The European Committee for Medicinal Products for Human Use (CHMP) of the European Medicines Agency (EMA) has granted a positive opinion for the use of Viekirax (ombitasvir/paritaprevir/ritonavir tablets) + Exviera (dasabuvir tablets), from Abbvie, without ribavirin (RBV) in chronic hepatitis C virus (HCV) infected genotype 1b (GT1b) patients with compensated cirrhosis (Child-Pugh A).

The CHMP opinion of the Type-II variation application for Viekirax + EXVIERA is supported by data from the Phase IIIb TURQUOISE-III study, which is part of AbbVie's larger clinical program investigating efficacy and safety in a broad range of GT1 patients. TURQUOISE-III is a dedicated Phase III study of Viekirax + EXVIERA without RBV for 12 weeks in GT1b patients with compensated cirrhosis. Results from the TURQUOISE-III study showed 100 percent (n=60/60) of GT1b chronic HCV infected patients with compensated cirrhosis (Child-Pugh A) achieved sustained virologic response at 12 weeks post-treatment (SVR12) with Viekirax + EXVIERA without RBV for 12 weeks. No patients discontinued treatment due to adverse events.
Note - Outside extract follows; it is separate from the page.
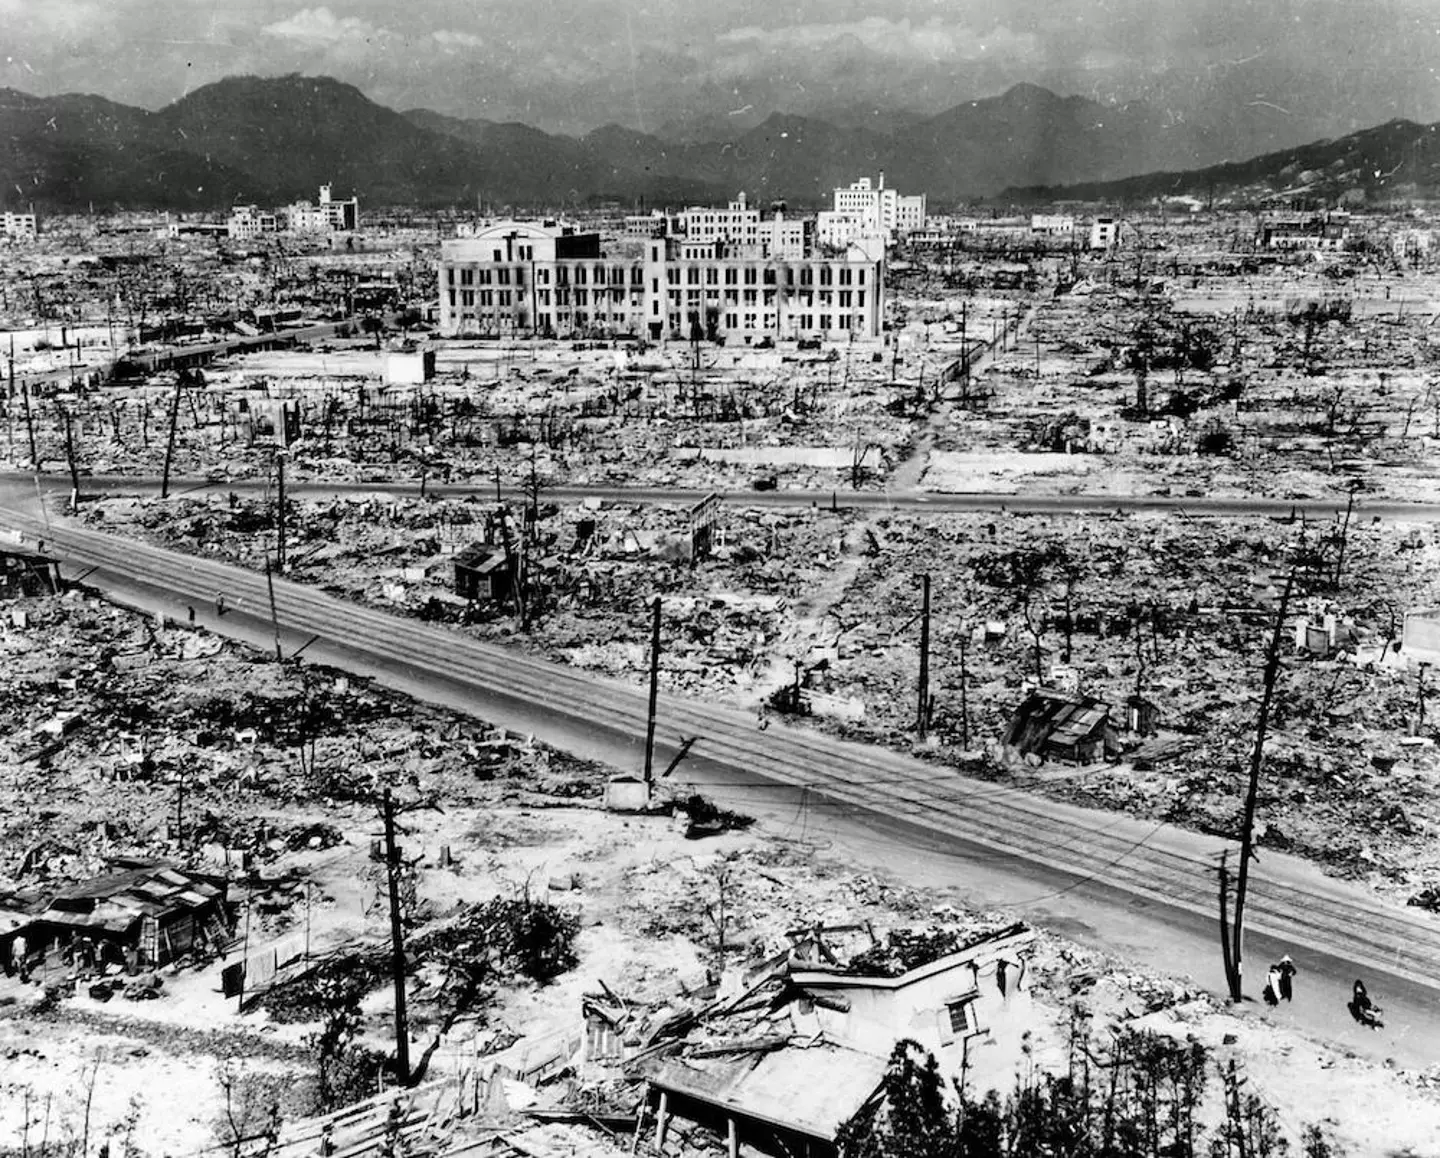 Miyake survived the atomic bombing of Hiroshima.

The most commonly reported adverse events (>10 percent) were fatigue (22 percent), diarrhea (20 percent) and headache (18 percent).

On January 7, AbbVie announced that its supplemental New Drug Application (sNDA) for Viekirax Pak was accepted and granted priority review by the FDA.

Comment: Viekirax Pak has joined Solvadi (sofosbuvir) and Harvoni (sofosbuvir + ledispavir) from Gilead as oral, revolutionary therapies in the treatment of chronic Hepatitis C, replacing the pegylated interferon injectable drugs that carried serious side effects. The new drugs carry impressive cure rates of 90% or more in patients after 8 weeks or 12 weeks of treatment contrasting with the 65%-70% cure rates with the pegylated interferons.